Figure shows an aluminium wire of length 60 cm joined to a steel wire of length 80 cm and stretched between two fixed supports. The tension produced is 40 N. The cross-sectional area of the steel wire is 1⋅0 mm² and that of the aluminium wire is 3⋅0 mm². What could be the minimum frequency of a tuning fork which can produce standing waves in the system with the joint as a node? The density of aluminium is 2⋅6 g cm⁻³ and that of steel is 7⋅8 g cm⁻³.

Answer 1

Given:
Length of the aluminium wire (L_a)= 60 cm = 0.60 m
Length of the steel wire (L_s)= 80 cm = 0.80 m
Tension produced (T) = 40 N
Area of cross-section of the aluminium wire (A_a)  = 1.0 mm²
Area of cross-section of the steel wire (A_s) = 3.0 mm²
Density of aluminium (ρ_a) = 2⋅6 g cm⁻³
Density of steel  (ρ_s) = 7⋅8 g cm⁻³  

\[\text{ Mass  per  unit  length  of  the  steel,    m_s }    =  \rho_s  \times  A_s \] 

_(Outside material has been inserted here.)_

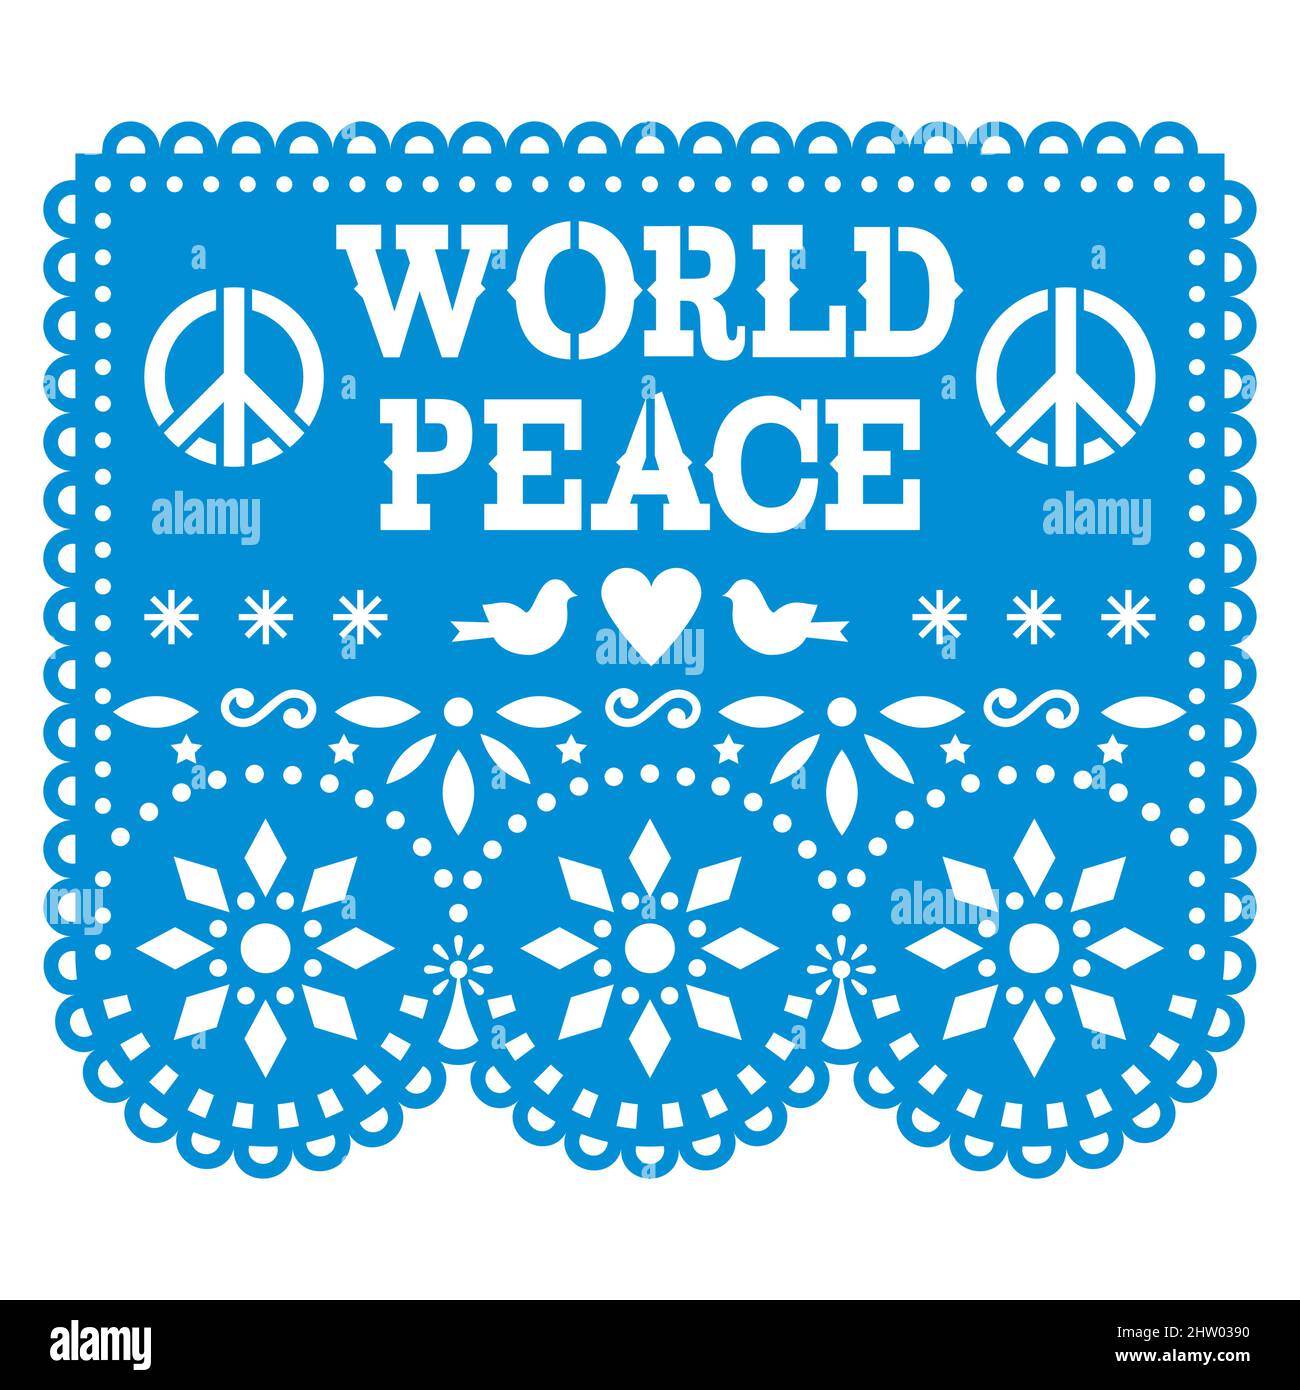 World Peace Papel Picado Vektor-Design in blau, mexikanisches Papier Ausschnitt Dekoration - nicht-Vereinbarung, nicht-Verletzung, keine Kriegsbotschaft mehr Stock Vektor

\[   = 7 . 8 \times  {10}^{- 2}   gm/cm\] 

\[  = 7 . 8 \times  {10}^{- 3}   kg/m\] 

\[\text{ Mass  per  unit  length  of  the  aluminium,    m_A  }=  \rho_A  A_A \] 

\[   = 2 . 6 \times  {10}^{- 2}  \times 3  gm/cm\] 

\[ = 7 . 8 \times  {10}^{- 2}   gm/cm\] 

\[ = 7 . 8 \times  {10}^{- 3}   kg/m\]

A node is always placed at the joint. Since aluminium and steel rod has same mass per unit length, the velocity of wave (v) in both of them is same.
Let v be the velocity of wave.

\[\Rightarrow v = \left( \frac{T}{m} \right)\] 

\[ =  \sqrt{\left\{ \frac{40}{7 . 8 \times {10}^{- 3}} \right\}}^- \] 

\[  = \sqrt{\left( \frac{4 \times {10}^4}{7 . 8} \right)}\] 

\[ \Rightarrow v = 71 . 6  m/s\]
For minimum frequency, there would be maximum wavelength.
For maximum wavelength, minimum number of loops are to be produced.
∴ Maximum distance of a loop = 20 cm

\[\Rightarrow   \text{ Wavelength, }   \lambda = 2 \times 20 = 40  cm\] 

\[\text{ Or }  \lambda = 0 . 4  m\] 

\[ \therefore Frequency,   f = \frac{v}{\lambda} = \frac{71 . 6}{0 . 4} = 180  Hz\]